Le premier long-métrage de Bahram Beyzai, Ragbar (1972), raconte l’histoire de M. Hekmati, un enseignant récemment affecté dans une école située au sud de la ville. Une rumeur lancée par l’un des élèves, selon laquelle il serait attiré par la sœur d’un autre élève, propage dans le quartier et suscite diverses réactions. Les efforts de Hekmati pour démentir cette histoire ne font qu'aggraver la situation et le conduisent à développer un véritable attachement pour la jeune femme. Cependant, au moment même où ce sentiment commence à se préciser, Hekmati est muté dans une autre école et doit quitter le quartier. Ragbar fut écrit et réalisé par Beyzai et fut interprété par Parviz Fannizadeh, Parvaneh Masoumi et Manouchehr Farid. La photographie fut assurée par Barbad Taheri et Maziar Parto, et la musique fut composée par Sheida Gharachedaghi. La copie originale du film, détériorée au fil des années, fut restaurée à partir de l’unique élément existant par le World Cinema Project, de Martin Scorsese[11].

En 1982, Beyzai réalisa le film historique La Mort de Yazdgard, adapté de sa propre pièce éponyme écrite en 1979. L’œuvre explore les circonstances de la mort de Yazdgard III, dernier roi sassanide d’Iran, survenue en 651. Conçu selon une structure résolument théâtrale, le film, fondé sur des dialogues denses, des interprétations remarquables et une narration plurielle, est considéré comme l’un des travaux majeurs du cinéma iranien ainsi que l’apogée de la collaboration entre Beyzai et Soussan Taslimi[12]. L’intrigue se déroule dans les dernières années du règne de Yazdgard III. Après la défaite des Iraniens face aux Arabes, le roi en fuite trouve refuge dans un moulin. Le lendemain matin, un corps vêtu des habits royaux est découvert. Le meunier, son épouse et leur fille sont accusés d’avoir assassiné le souverain et conduits devant le général, le mobed et le commandant de l’armée, chacun livrant une version totalement différente des événements[13]. La Mort de Yazdgard ne fut projeté qu’une seule fois, dans la section compétitive de la première édition du Festival international du film de Fajr en février 1983, avant d’être immédiatement interdit. En 2024, le film atteignit la troisième place dans la liste des « 100 meilleurs films de l’histoire du cinéma iranien » établie par les critiques du magazine Film[14].

Affiche du film Bashu, le petit étranger (1986).

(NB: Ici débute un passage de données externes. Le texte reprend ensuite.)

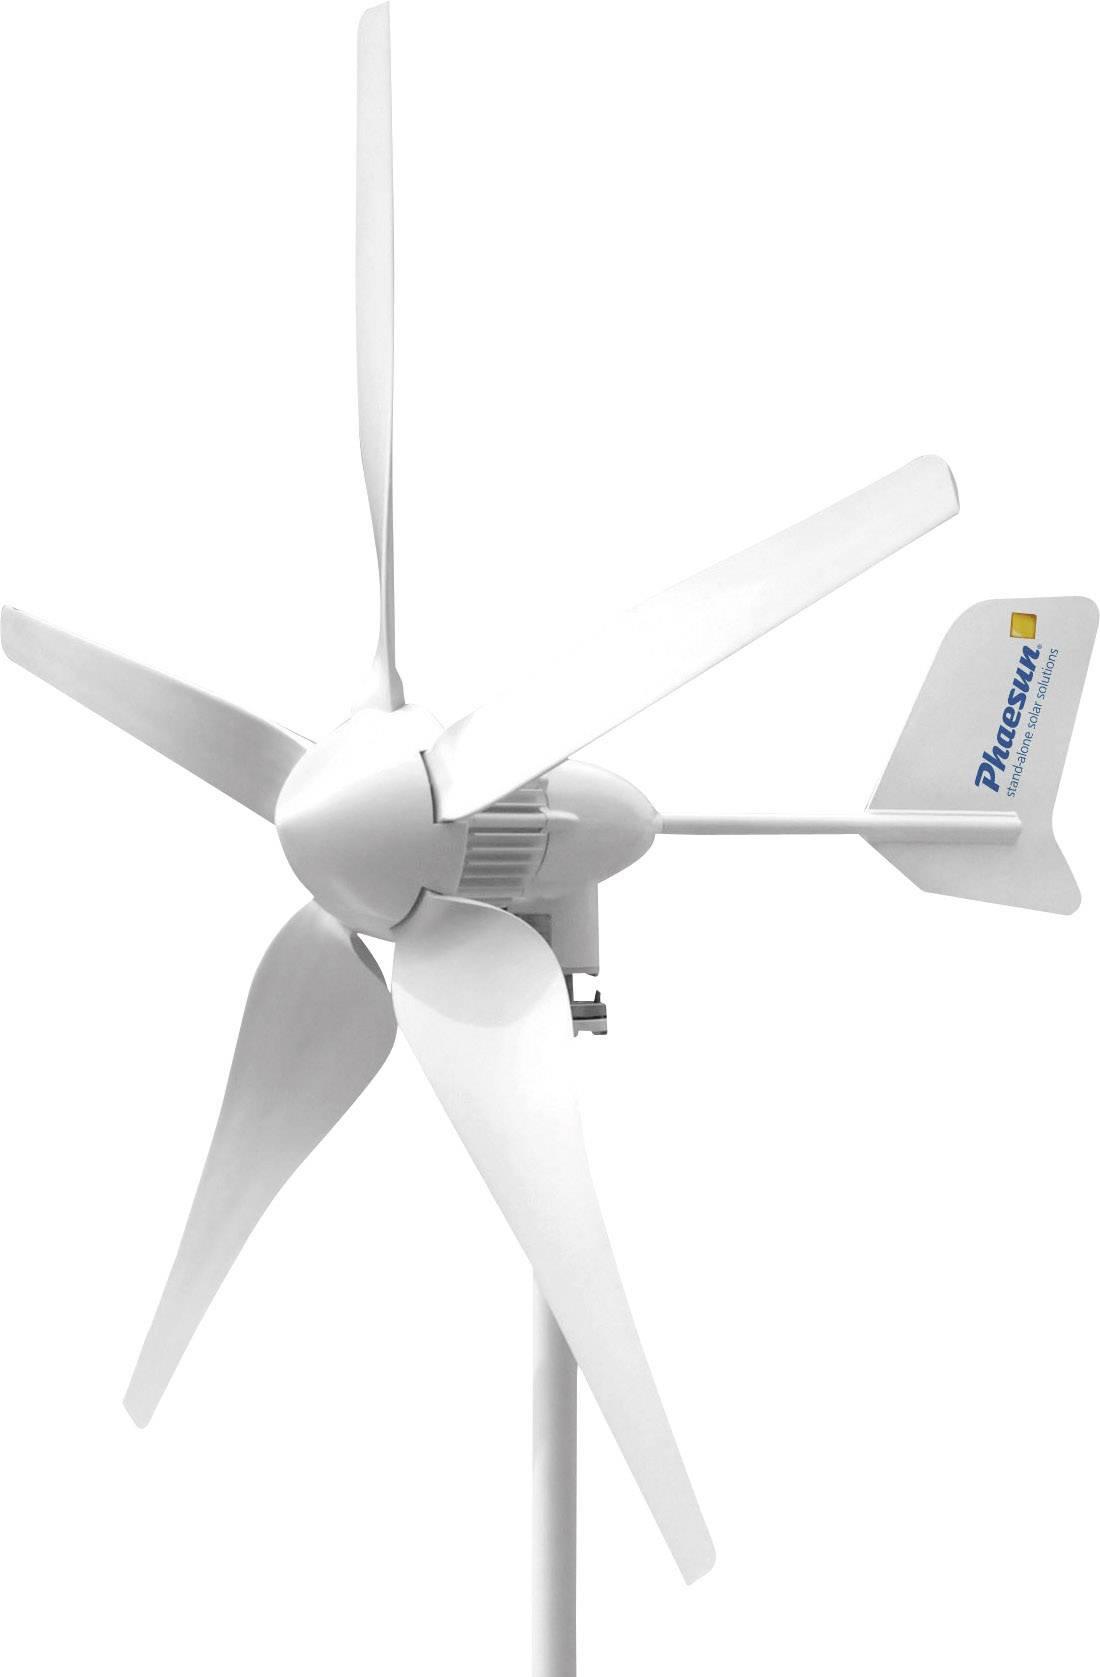 Větrný generátor pro mini elektrárnu Phaesun Stormy Wings 400_12 310125, výkon při (10m/s) 400 W

Le film Bashu, le petit étranger (1986), est un récit poétique du traumatisme de la guerre Iran-Irak, exprimé dans un langage minimaliste. Produit avec un budget limité par l’Institut d’études et de recherches culturelles, il fut interdit pendant trois ans ; à sa sortie en 1989, il fut reconnu comme l’un des chefs-d’œuvre du cinéma iranien. En 2025, la version restaurée du film fut présentée à la Mostra de Venise, où elle remporta le prix du meilleur film restauré. L’histoire commence par le bombardement du Khouzistan, Bashu, un jeune garçon ayant perdu sa famille, arrive malgré lui dans la province du Guilan. Il y rencontre Na’i, une femme seule avec deux enfants, qui le rejette d’abord, mais dont l’amour maternel finit par briser toutes les frontières. Beyzai, en utilisant les hallucinations de l’enfant comme l’ombre de sa mère décédée et le contraste entre le sud aride et le nord verdoyant, construisit un film antimilitariste considéré comme l’une des premières critiques cinématographiques des conséquences de la guerre en Iran[15],[16].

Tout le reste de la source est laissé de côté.